WARDELL v. UNION PAC. R. CO. Appeal from the circuit court of the United States for the district of Nebraska. This case was decided at the October term, 1880, by the supreme court of the United States. Mr. Justice Field delivered the opinion of the court affirming the decree of the circuit court. Arrangements entered into by the directions of a corporation to secure 624 an undue advantage to themselves, at its expense, by the formation of a new company, as an auxiliary to the original one, with the understanding that they, or some of them, are to take stock in it, and then that valuable contracts are to be given to it, on the profits of which they, as stockholders of such new company, are to share, are so many unlawful devices to enrich themselves to the detriment of the stockholders and creditors of the original company, and will be condemned whenever brought before the courts for consideration. In such case a complainant can derive no benefit from the contract thus tainted, made with the original company, and afterwards assigned to the new corporation.
James M. Woolworth and James O. Broadhead, for appellant.
A. J. Poppleton, for appellees.
The cases cited in the opinion were: Great Luxembourg Co. v. Magnay, 25 Beav. 586; Benson v. Heathorn, 1 Younge & Coll. 326; Flint & Pere Marquette R. Co. v. Dewey, 14 Mich, 477; European & N. A. R. Co. v. Poer, 59 Me, 277; Drury v. Cross, 7 Wall. 299.
Construction of State Statutes—Rule of Decision.
MOORES v. CITIZENS' NAT. BANK. 14 Cent. L. J. 228. This was a case taken up on error to the circuit court of the United States for the southern district of Ohio, and decided in the supreme court of the United States on March 6, 1882. Mr. Justice Gray delivered the opinion of the court reversing the judgment of the court below. The construction given to the statute of limitations of a state by the highest court of such state is binding upon the federal courts, and the sustaining of a demurrer to plaintiff's reply, raising an issue which had been adjudicated by the state supreme court, and contrary to such adjudication, was prejudicial to the plaintiff, and requires the reversal of final judgment rendered in favor of defendant.

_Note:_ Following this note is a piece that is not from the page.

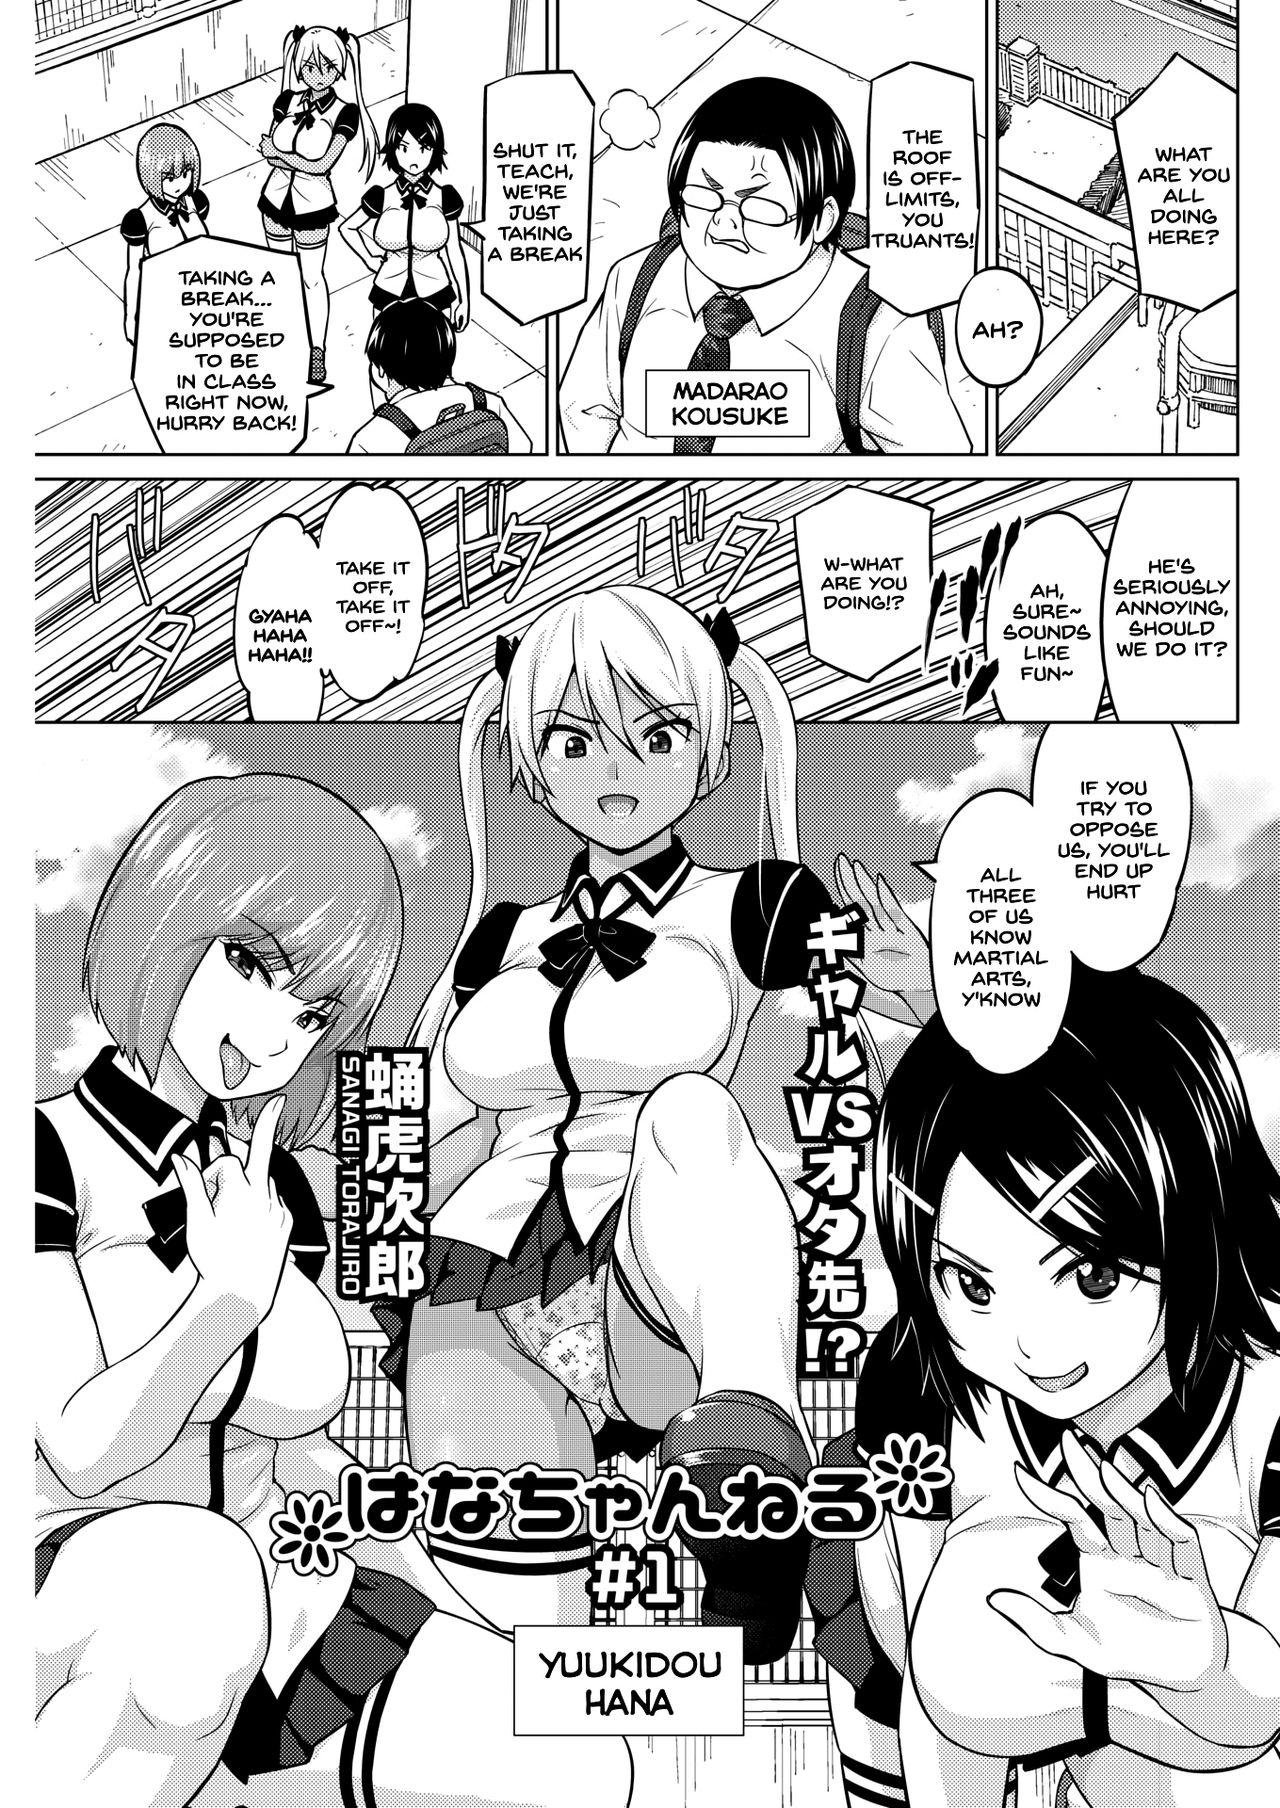 [Sanagi Torajirou] Hana-Channel 01-04 (COMIC HOTMILK) [English] [SDTLs] [Digital] 0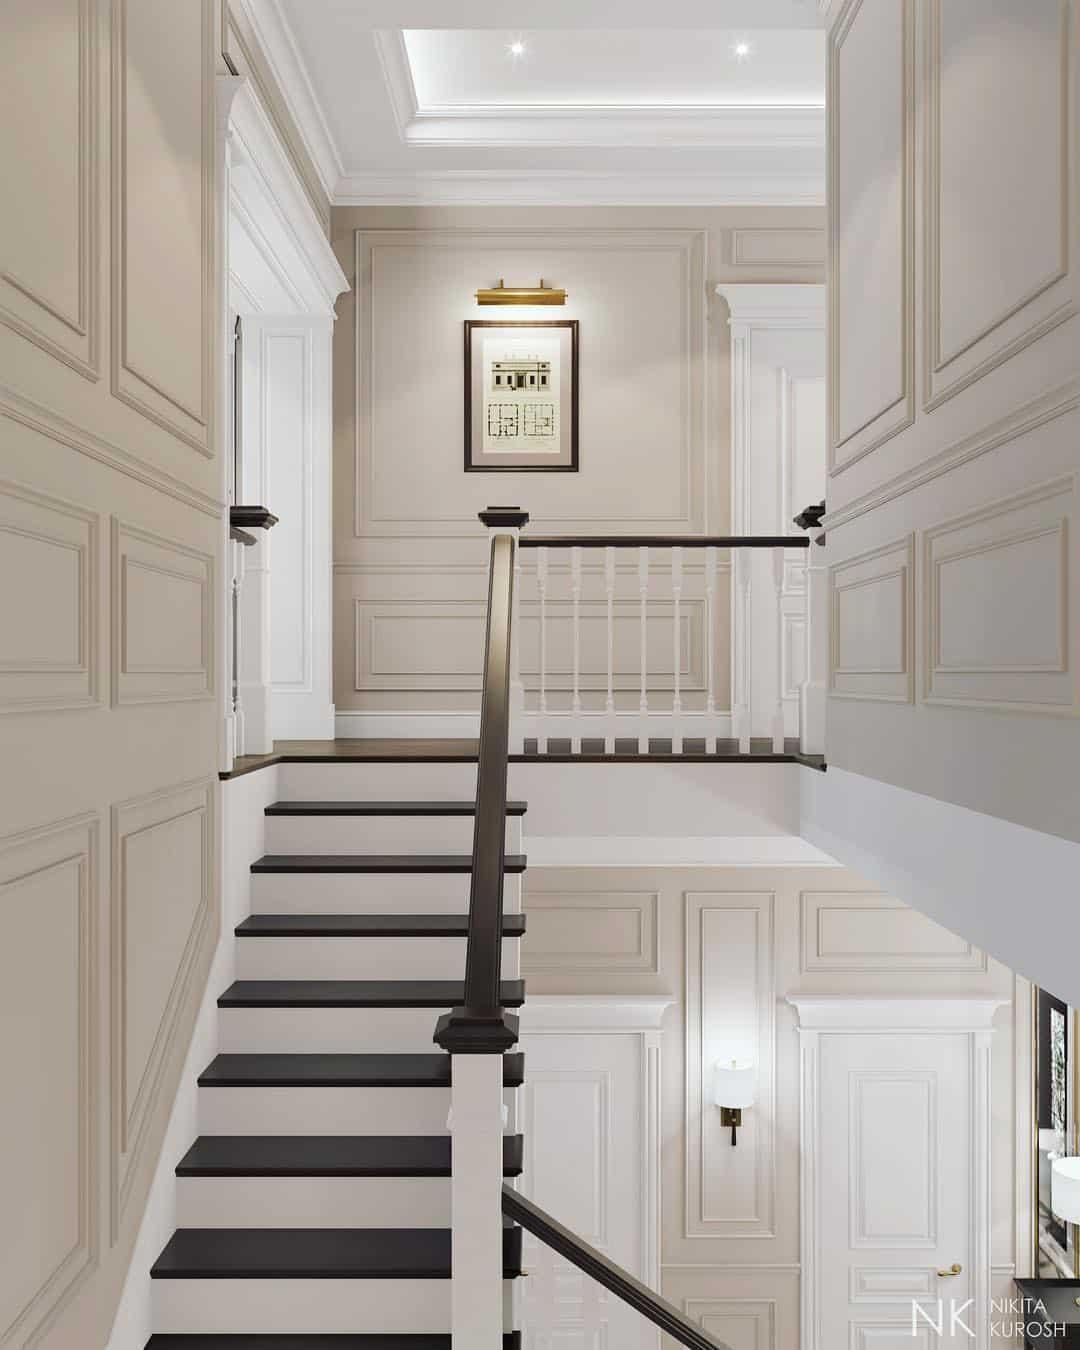 Sala de entrada: Interior actual para salas de entrada 2020

The cases cited in the opinion were: Ong v. Sumner, 1 Cin. Sup. Ct. 124; Lawrence R. R. v. Cobb, 35 Ohio St. 94; Tioga Railroad Co. v. Blossburg & C. R. Co. 20 Wall. 137; Kibbe v. Ditto, 93 U. S. 674; Fairfield v. Gallatin Co. 100 U. S. 47, to the points of limitations and binding effect of the decisions of the state supreme court; and Deery v. Cray, 5 Wall. 795; Knox Co. Bank v. Llyod, 18 Ohio, 353; Bank v. Lanier, 11 Wall. 369; Telegraph Co. v. Davenport, 97 U. S. 369, to the point that the ruling was prejudicial.